Coronavirus-related 401(k) Distributions and Your TaxesSubmitted by The Participant Effect on September 30th, 2020
A “distribution” occurs when you withdraw funds from your 401(k) account. You can transfer these funds to another 401(k) or an Individual Retirement Account (IRA). Or you may use them to finance your retirement or some other life goal.
New 401(k) Rules for the New Normal
While withdrawals from Roth 401(k) accounts are tax free, distributions from traditional 401(k)s are taxable. Additionally, distributions taken before age 59½ usually come with a hefty 10% tax in the form of an early withdrawal penalty. Required Minimum Distributions (RMDs) are mandatory once you reach age 72 (if your reach age 70½ in 2020 or later — although if you are still working for the company who sponsors your 401(k), you may be exempt. However, the IRS loosened some regulations governing early withdrawals, loans and RMDs from your 401(k) due to the COVID-19 crisis.
With the enactment of the CARES Act, RMDs for 2020 are suspended. If you don’t need to take that distribution, you can leave your money in the account and let it continue to grow — and avoid the additional tax you’d owe on those distributions.
As stated earlier, if you withdraw money from your 401(k) before age 59½, in most circumstances you’ll pay both the tax due on the money withdrawn plus a 10% penalty. However, the CARES Act provides that if you need to take money from your 401(k) because of specific virus-related impacts, you’re allowed to take up to $100,000 without paying the early withdrawal penalty.
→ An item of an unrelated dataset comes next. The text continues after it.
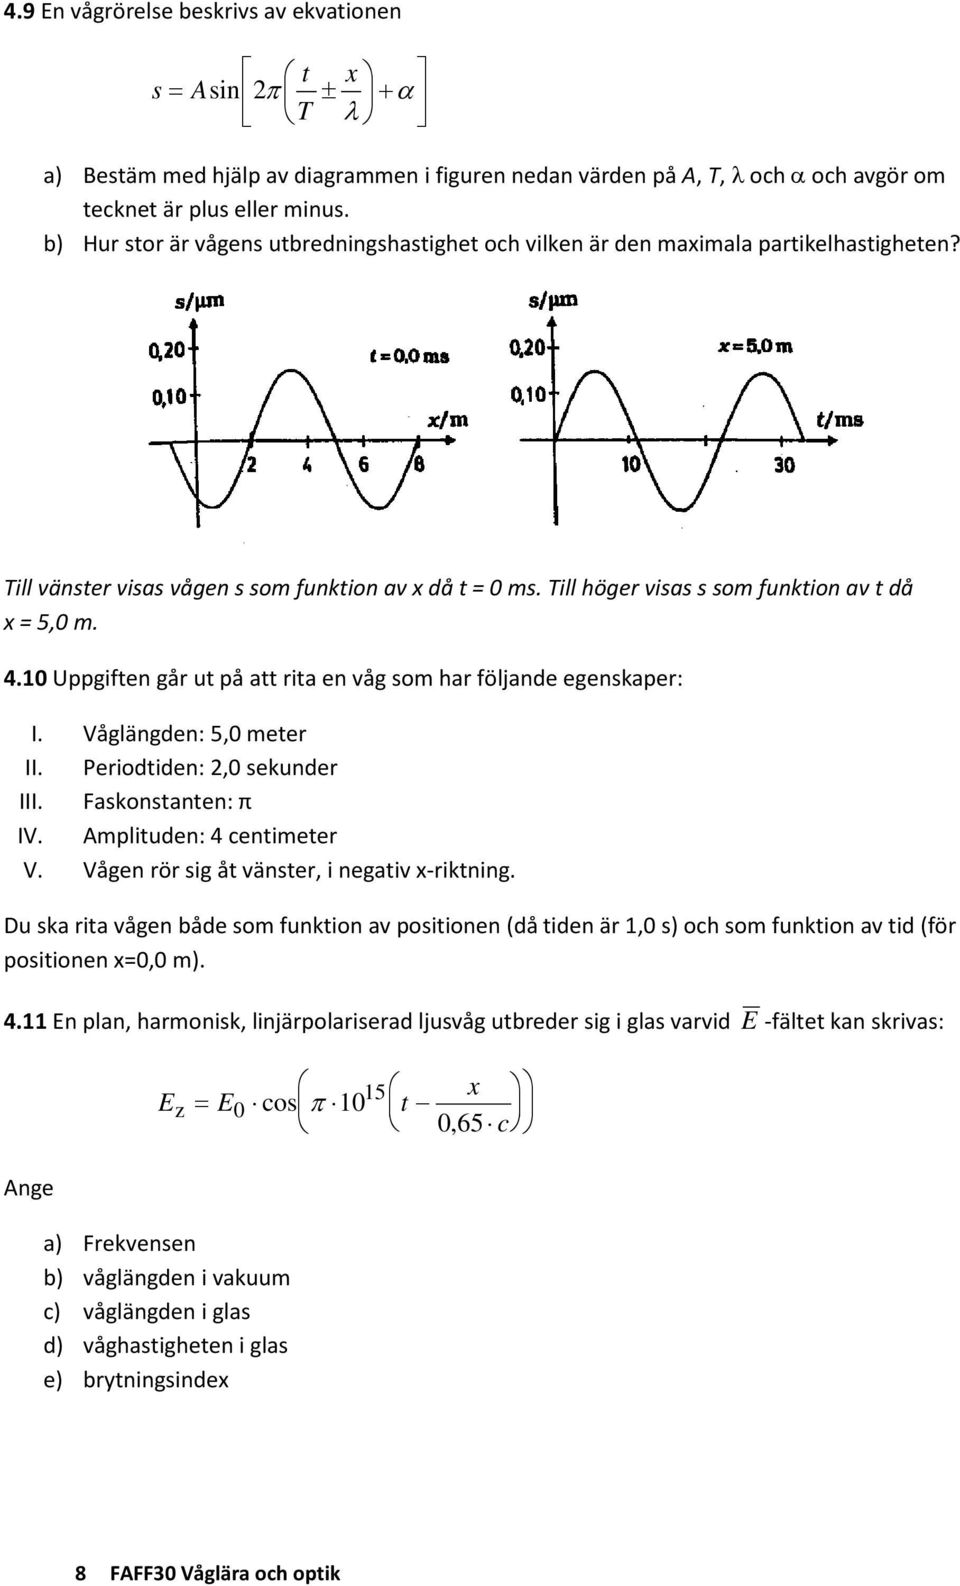 4.10 Uppgiften går ut på att rita en våg som har följande egenskaper: I. Våglängden: 5,0 meter II. Periodtiden: 2,0 sekunder III. Faskonstanten: π IV. Amplituden: 4 centimeter V.

According to the IRS, you may qualify if:
- You are diagnosed with the virus SARS-CoV-2 or with coronavirus disease 2019 (COVID-19) by a test approved by the Centers for Disease Control and Prevention;
- Your spouse or dependent is diagnosed with SARS-CoV-2 or with COVID-19 by a test approved by the Centers for Disease Control and Prevention;
- You experience adverse financial consequences as a result of being quarantined, being furloughed or laid off, or having work hours reduced due to SARS-CoV-2 or COVID-19;
- You experience adverse financial consequences as a result of being unable to work due to lack of child care due to SARS-CoV-2 or COVID-19; or
- You experience adverse financial consequences as a result of closing or reducing hours of a business that you own or operate due to SARS-CoV-2 or COVID-19.
If you pay the money back to a qualified retirement account (including an IRA) within three years, you’ll owe no tax. Otherwise, you’ll have three years to pay any taxes owed. Using the coronavirus exemption may allow you to tap your 401(k) up to $100,000, use it for your current needs tax free and then pay that money back to yourself.
Don’t Go It Alone
Be aware that the rules that govern 401(k) accounts are extremely complex and subject to change. Make an appointment with your financial advisor to discuss strategies to maximize your investment returns to meet current and future needs — while minimizing your tax liability. And before venturing into any advanced tax strategies, it’s wise to also get help from a qualified tax advisor. It’s your money, and there’s nothing wrong with trying to keep as much of it as you’re allowed to.